As a result of recent large-scale studies of chromatin states in the entire D. melanogaster genome [1], the idea that genes with ubiquitous activity are located in the interbands of polytene chromosomes was formulated [2]. It was found that the genes that are specifically active at certain stages and in individual tissues (developmental genes) are located in tightly packed bands, which were previously named the intercalary heterochromatin bands [3]. Earlier, we showed that, at the whole-genome level, the chromatin that corresponds to the interbands has a complex structure in terms of genetic organization [2]. In particular, it was found that interbands contain unidirectional and bidirectional promoters, genes entirely located in the interbands, and genes with different number of transcription initiation sites.

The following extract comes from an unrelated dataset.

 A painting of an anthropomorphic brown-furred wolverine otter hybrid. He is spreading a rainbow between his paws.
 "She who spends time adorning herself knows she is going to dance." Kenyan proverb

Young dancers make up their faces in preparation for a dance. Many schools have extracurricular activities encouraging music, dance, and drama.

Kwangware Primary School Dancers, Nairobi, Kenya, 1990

In view of this, the question arose of a comprehensive study of all interbands located on the molecular and cytological maps of the D. melanogaster genome in order to determine the organization of promoter types in them.

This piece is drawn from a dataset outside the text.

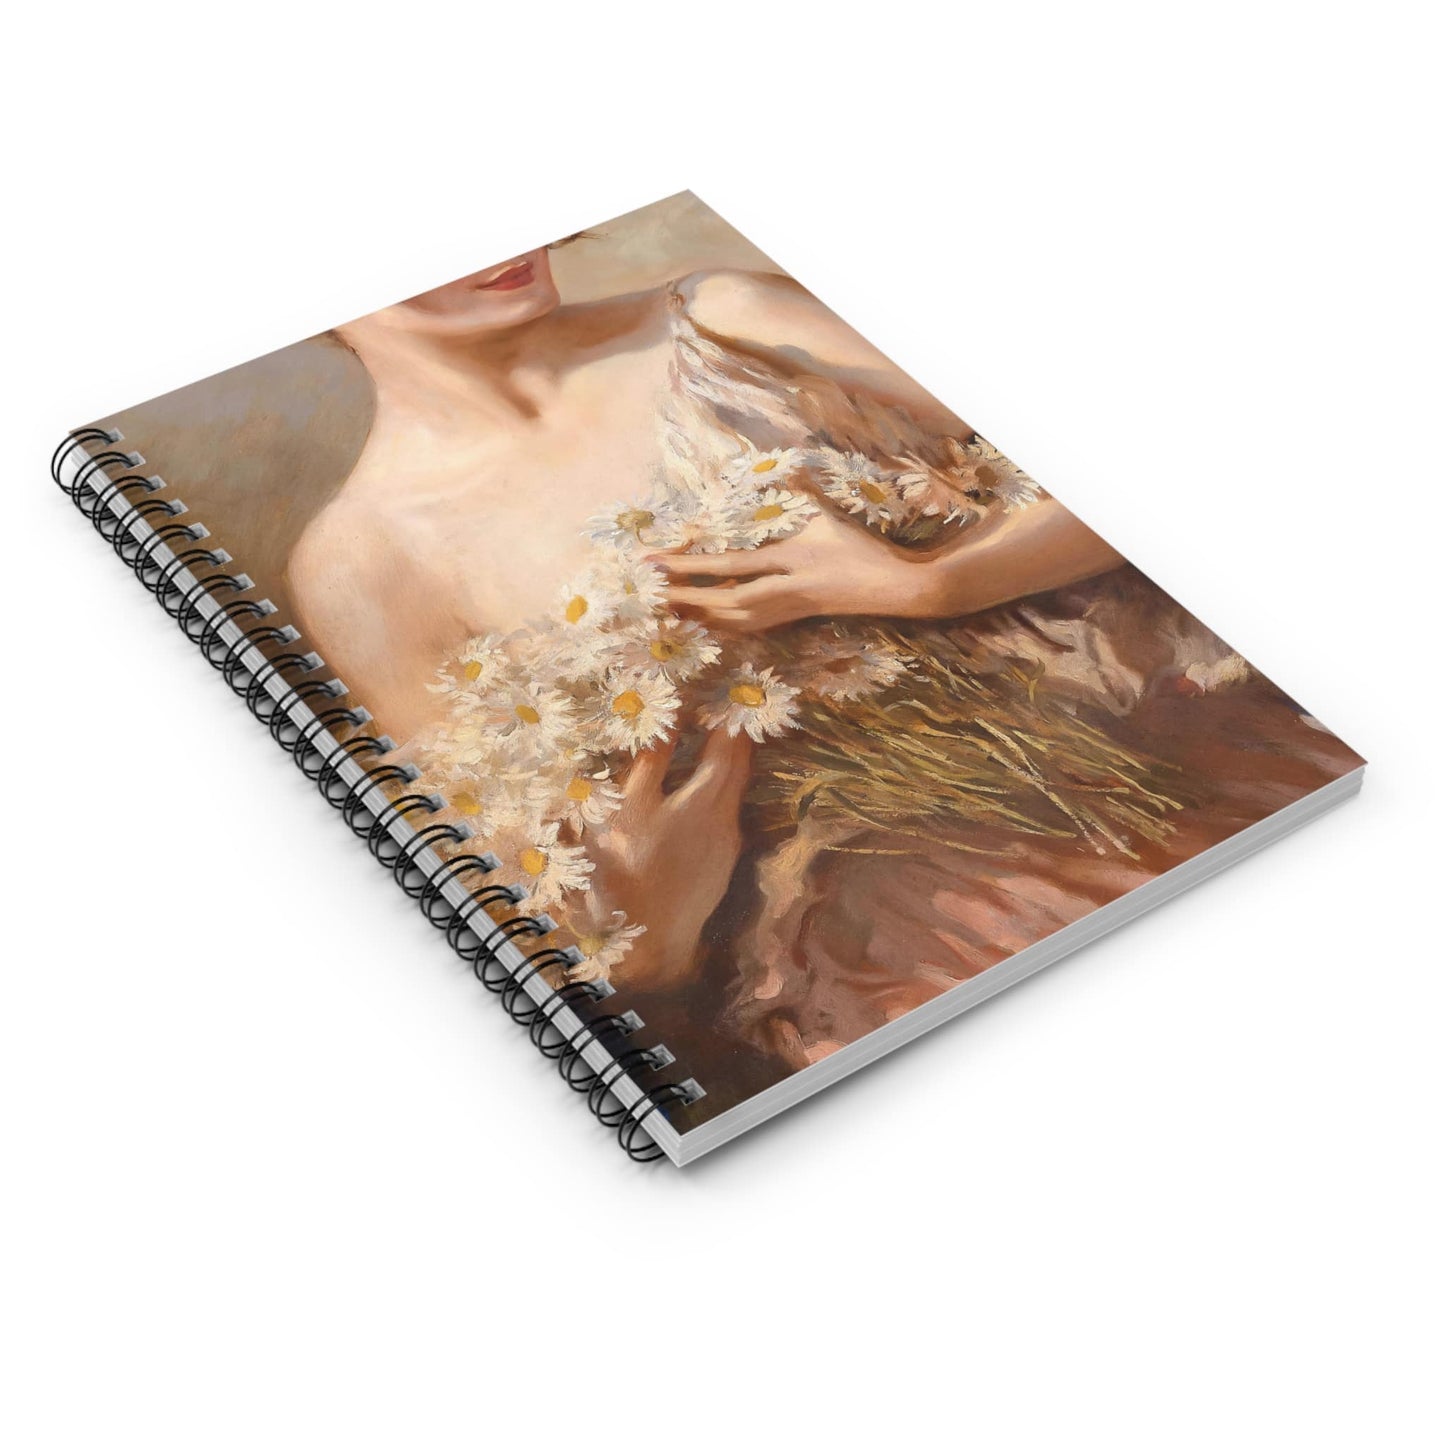 Flower Aesthetic Spiral Notebook Laying Flat on White Surface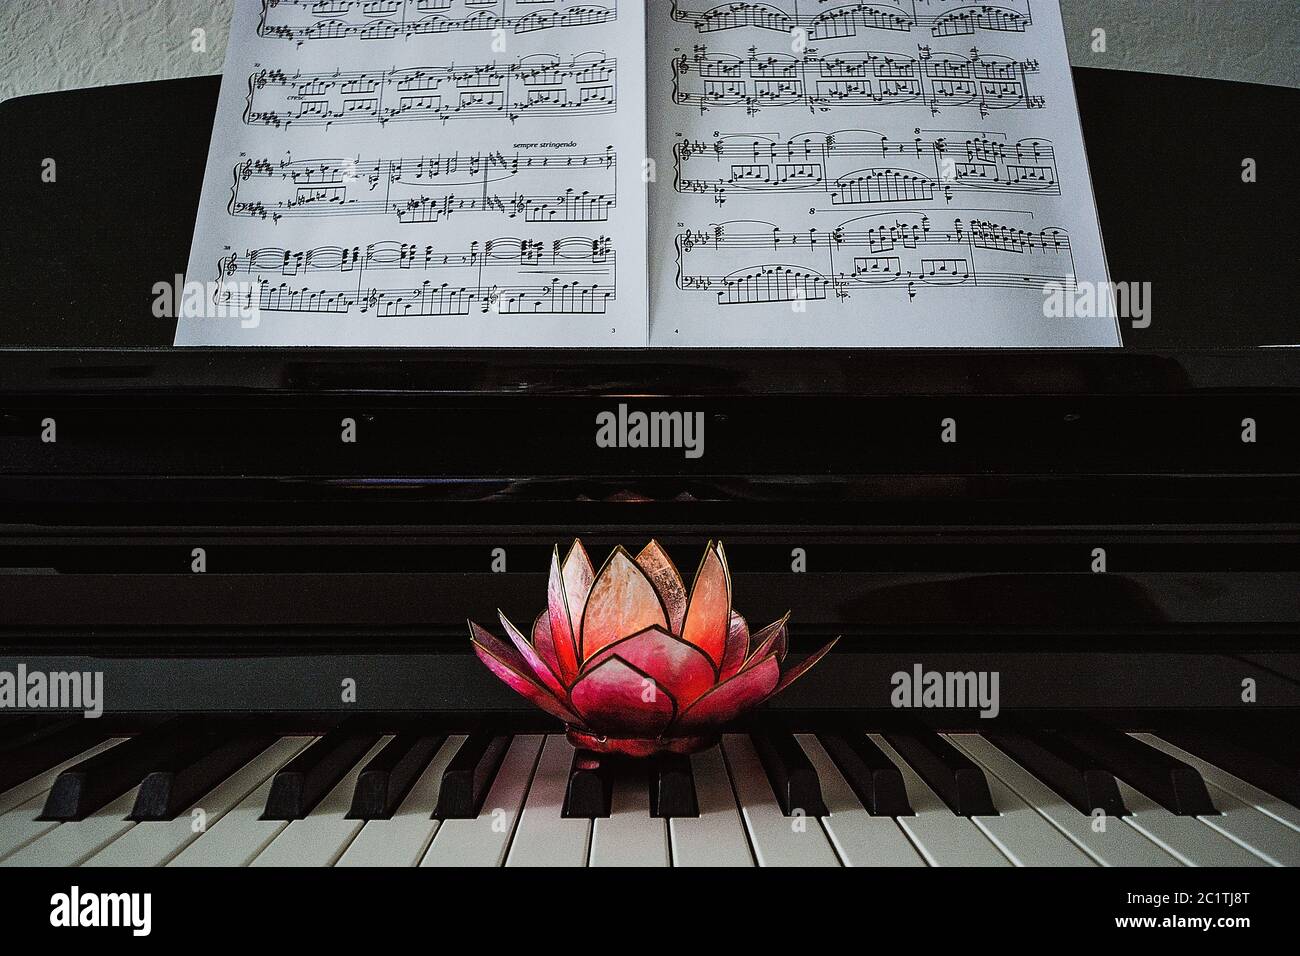 Piano with a candle standing in front of music Stock Photo

In this study, we obtained new data on the topology and location of proteins and different characteristics of chromatin within interband DNA sequences. We found that interbands containing bidirectional and unidirectional genes have different organization of the promoter region, which is apparently crucial for the formation of the open-chromatin region that we describe as an interband in polytene chromosomes of D. melanogaster.

On the basis of data of the international project modENCODE and the results of our studies [4], we developed a model of four chromatin states [2]. Using information about the location of proteins that are characteristic of the genetically active chromatin, we developed the stereotype of its classification by the degree of compaction from the minimum (aquamarine, corresponds to interbands) to the maximum (ruby, corresponds to the black dense bands). Another two states— lazurite and malachite—correspond primarily to the coding gene regions [2, 4] and the borders of blocks of developmental genes [5].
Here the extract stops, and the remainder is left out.